The aligner is under active development. New functions, new languages and detailed documentation will be added soon! Give us a star if you like our project!
Fun fact: Char Siu is one of the most representative dishes of Cantonese cuisine 🍲 (see wiki).

Table of content

Tutorial

[!NEW] A step-by-step tutorial for linguists: Open In Colab

You can directly run our model in the cloud via Google Colab!

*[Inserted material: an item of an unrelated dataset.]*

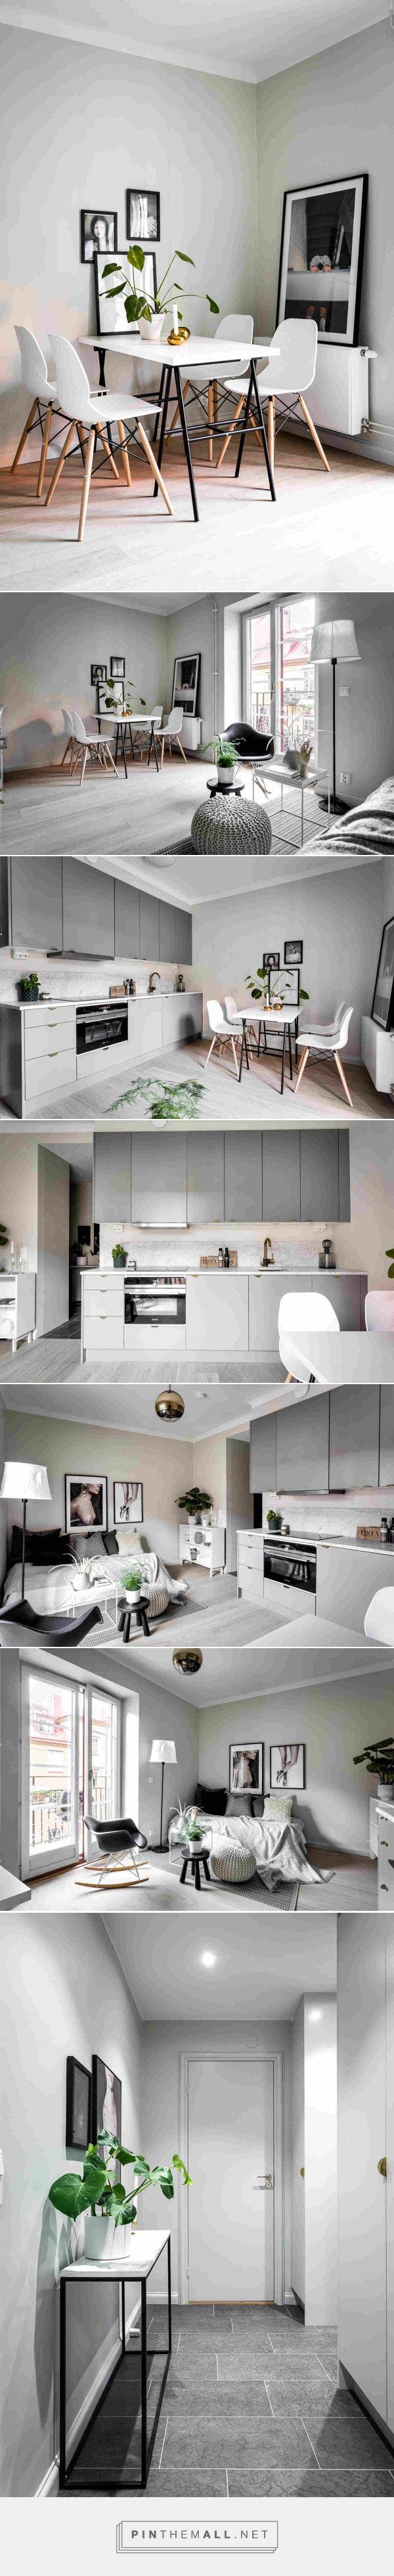 Квартира-студия площадью 23 квадратных метра — HQROOM - created via https://pinthemall.net

  • Forced alignment: Open In Colab
  • Textless alignment: Open In Colab

Usage

git clone  https://github.com/lingjzhu/charsiu
cd charsiu

Forced alignment

from Charsiu import charsiu_forced_aligner
# if there are errors importing, uncomment the following lines and add path to charsiu
# import sys
# sys.path.append('path_to_charsiu/src')

# initialize model
charsiu = charsiu_forced_aligner(aligner='charsiu/en_w2v2_fc_10ms')
# perform forced alignment
alignment = charsiu.align(audio='./local/SA1.WAV',
                          text='She had your dark suit in greasy wash water all year.')
# perform forced alignment and save the output as a textgrid file
charsiu.serve(audio='./local/SA1.WAV',
              text='She had your dark suit in greasy wash water all year.',
              save_to='./local/SA1.TextGrid')


# Chinese
charsiu = charsiu_forced_aligner(aligner='charsiu/zh_w2v2_tiny_fc_10ms',lang='zh')
charsiu.align(audio='./local/SSB00050015_16k.wav',text='经广州日报报道后成为了社会热点。')
charsiu.serve(audio='./local/SSB00050015_16k.wav', text='经广州日报报道后成为了社会热点。',
              save_to='./local/SSB00050015.TextGrid')
              
# An numpy array of speech signal can also be passed to the model.
import soundfile as sf
y, sr = sf.read('./local/SSB00050015_16k.wav')
charsiu.align(audio=y,text='经广州日报报道后成为了社会热点。')

Textless alignment

from Charsiu import charsiu_predictive_aligner
# English
# initialize a model
charsiu = charsiu_predictive_aligner(aligner='charsiu/en_w2v2_fc_10ms')
# perform textless alignment
alignment = charsiu.align(audio='./local/SA1.WAV')
# Or
# perform textless alignment and output the results to a textgrid file
charsiu.serve(audio='./local/SA1.WAV', save_to='./local/SA1.TextGrid')


# Chinese
charsiu = charsiu_predictive_aligner(aligner='charsiu/zh_xlsr_fc_10ms',lang='zh')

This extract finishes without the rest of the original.